Your goal = Give back exactly the lines of the material below that start at the line containing "Visuel Game of FIFA Blatter" and end at the line containing "Arena in Amsterdam, home", and no others.

══ Material shown ══

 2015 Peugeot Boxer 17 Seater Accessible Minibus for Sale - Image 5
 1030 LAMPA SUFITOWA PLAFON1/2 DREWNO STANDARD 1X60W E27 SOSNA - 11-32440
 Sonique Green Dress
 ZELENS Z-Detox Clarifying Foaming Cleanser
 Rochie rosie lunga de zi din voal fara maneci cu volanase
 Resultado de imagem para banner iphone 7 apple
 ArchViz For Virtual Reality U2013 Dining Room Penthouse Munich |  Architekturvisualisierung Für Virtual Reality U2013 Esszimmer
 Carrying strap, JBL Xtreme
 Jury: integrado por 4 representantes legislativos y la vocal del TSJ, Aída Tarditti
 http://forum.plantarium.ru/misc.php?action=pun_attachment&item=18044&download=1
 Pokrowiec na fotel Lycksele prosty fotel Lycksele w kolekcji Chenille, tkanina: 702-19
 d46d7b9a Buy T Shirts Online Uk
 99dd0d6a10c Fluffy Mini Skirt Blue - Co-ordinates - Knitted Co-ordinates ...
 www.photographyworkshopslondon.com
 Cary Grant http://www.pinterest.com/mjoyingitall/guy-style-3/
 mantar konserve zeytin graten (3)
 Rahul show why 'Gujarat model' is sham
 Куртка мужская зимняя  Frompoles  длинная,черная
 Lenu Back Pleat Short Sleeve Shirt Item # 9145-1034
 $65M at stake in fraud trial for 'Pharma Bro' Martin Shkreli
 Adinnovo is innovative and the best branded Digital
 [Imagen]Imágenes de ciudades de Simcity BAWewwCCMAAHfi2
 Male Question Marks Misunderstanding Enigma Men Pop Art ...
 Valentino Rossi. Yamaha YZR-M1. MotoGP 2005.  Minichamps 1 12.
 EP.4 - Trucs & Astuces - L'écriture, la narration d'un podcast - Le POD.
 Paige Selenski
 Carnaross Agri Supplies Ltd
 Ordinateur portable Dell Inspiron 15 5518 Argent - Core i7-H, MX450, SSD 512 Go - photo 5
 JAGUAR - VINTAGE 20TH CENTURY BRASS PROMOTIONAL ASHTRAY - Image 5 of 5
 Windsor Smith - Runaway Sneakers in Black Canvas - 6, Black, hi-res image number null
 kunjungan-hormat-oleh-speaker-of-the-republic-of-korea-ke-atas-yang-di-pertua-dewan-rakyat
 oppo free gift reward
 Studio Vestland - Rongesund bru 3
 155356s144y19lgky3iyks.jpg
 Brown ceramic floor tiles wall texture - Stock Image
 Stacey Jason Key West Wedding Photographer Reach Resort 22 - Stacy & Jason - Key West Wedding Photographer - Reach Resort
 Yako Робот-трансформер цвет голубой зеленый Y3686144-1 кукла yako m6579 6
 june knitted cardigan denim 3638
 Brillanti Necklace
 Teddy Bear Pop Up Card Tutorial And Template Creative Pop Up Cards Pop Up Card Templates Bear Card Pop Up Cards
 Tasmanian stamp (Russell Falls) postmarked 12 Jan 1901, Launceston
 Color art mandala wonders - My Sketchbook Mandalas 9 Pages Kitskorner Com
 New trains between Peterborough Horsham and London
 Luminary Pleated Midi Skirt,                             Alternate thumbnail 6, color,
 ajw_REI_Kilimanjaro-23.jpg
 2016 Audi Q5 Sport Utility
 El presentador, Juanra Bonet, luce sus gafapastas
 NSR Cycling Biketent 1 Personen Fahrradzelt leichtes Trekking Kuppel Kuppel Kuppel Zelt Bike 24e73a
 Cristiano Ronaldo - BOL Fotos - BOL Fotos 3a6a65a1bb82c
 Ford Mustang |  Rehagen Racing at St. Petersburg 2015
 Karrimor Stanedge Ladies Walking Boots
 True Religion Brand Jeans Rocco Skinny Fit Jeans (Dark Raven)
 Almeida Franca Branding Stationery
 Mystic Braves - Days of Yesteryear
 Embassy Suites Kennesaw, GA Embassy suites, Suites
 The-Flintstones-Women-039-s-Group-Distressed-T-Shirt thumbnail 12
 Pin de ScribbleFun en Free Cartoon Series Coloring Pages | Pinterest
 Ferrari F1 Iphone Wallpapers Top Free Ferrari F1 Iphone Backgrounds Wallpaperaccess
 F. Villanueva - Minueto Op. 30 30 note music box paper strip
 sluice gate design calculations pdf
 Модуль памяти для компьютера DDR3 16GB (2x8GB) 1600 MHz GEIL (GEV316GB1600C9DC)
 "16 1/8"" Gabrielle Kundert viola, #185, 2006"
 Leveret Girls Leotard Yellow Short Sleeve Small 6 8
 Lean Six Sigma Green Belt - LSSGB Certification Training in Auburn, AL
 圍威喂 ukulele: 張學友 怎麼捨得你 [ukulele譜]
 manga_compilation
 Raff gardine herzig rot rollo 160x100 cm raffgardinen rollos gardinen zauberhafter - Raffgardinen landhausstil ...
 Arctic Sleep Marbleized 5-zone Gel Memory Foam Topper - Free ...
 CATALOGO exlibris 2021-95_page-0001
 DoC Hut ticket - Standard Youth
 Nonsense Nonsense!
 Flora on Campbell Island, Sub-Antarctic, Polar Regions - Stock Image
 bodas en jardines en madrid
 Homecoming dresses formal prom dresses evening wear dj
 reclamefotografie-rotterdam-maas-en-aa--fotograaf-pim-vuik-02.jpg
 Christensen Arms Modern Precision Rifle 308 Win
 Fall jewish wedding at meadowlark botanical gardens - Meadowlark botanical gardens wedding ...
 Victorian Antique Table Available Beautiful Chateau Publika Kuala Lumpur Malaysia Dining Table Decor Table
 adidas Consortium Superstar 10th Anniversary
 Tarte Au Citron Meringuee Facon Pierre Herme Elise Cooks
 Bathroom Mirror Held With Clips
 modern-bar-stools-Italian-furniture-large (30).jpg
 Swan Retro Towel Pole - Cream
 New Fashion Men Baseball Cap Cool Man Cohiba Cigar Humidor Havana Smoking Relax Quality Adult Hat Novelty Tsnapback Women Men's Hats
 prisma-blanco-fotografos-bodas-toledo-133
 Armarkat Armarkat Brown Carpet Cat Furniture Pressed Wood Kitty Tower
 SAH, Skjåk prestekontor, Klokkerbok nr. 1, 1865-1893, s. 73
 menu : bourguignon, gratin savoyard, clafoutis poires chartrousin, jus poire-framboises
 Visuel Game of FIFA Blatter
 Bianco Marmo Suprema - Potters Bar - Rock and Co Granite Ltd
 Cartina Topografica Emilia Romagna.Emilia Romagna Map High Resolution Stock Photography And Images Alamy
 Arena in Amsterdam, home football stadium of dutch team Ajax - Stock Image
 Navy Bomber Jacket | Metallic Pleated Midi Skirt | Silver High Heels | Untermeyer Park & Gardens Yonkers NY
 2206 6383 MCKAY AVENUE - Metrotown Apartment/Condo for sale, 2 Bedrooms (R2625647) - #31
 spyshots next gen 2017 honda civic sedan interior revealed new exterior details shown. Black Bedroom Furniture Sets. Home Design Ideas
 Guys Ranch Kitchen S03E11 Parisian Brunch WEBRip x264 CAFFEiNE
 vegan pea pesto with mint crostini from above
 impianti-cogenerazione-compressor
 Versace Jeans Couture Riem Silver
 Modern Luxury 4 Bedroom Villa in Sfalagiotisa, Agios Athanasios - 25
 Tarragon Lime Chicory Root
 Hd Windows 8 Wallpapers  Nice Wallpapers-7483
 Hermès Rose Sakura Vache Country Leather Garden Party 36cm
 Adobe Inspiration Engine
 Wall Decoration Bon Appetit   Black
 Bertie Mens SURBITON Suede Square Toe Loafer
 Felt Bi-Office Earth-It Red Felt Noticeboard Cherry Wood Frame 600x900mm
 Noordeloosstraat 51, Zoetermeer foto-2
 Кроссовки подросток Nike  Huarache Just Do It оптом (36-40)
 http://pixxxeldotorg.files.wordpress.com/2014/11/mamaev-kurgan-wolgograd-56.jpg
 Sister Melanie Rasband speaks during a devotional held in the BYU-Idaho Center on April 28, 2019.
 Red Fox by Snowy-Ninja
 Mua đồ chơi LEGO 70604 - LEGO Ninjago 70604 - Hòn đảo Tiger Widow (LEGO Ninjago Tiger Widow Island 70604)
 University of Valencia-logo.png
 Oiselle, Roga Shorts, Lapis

═══

Reply =
 Visuel Game of FIFA Blatter
 Bianco Marmo Suprema - Potters Bar - Rock and Co Granite Ltd
 Cartina Topografica Emilia Romagna.Emilia Romagna Map High Resolution Stock Photography And Images Alamy
 Arena in Amsterdam, home football stadium of dutch team Ajax - Stock Image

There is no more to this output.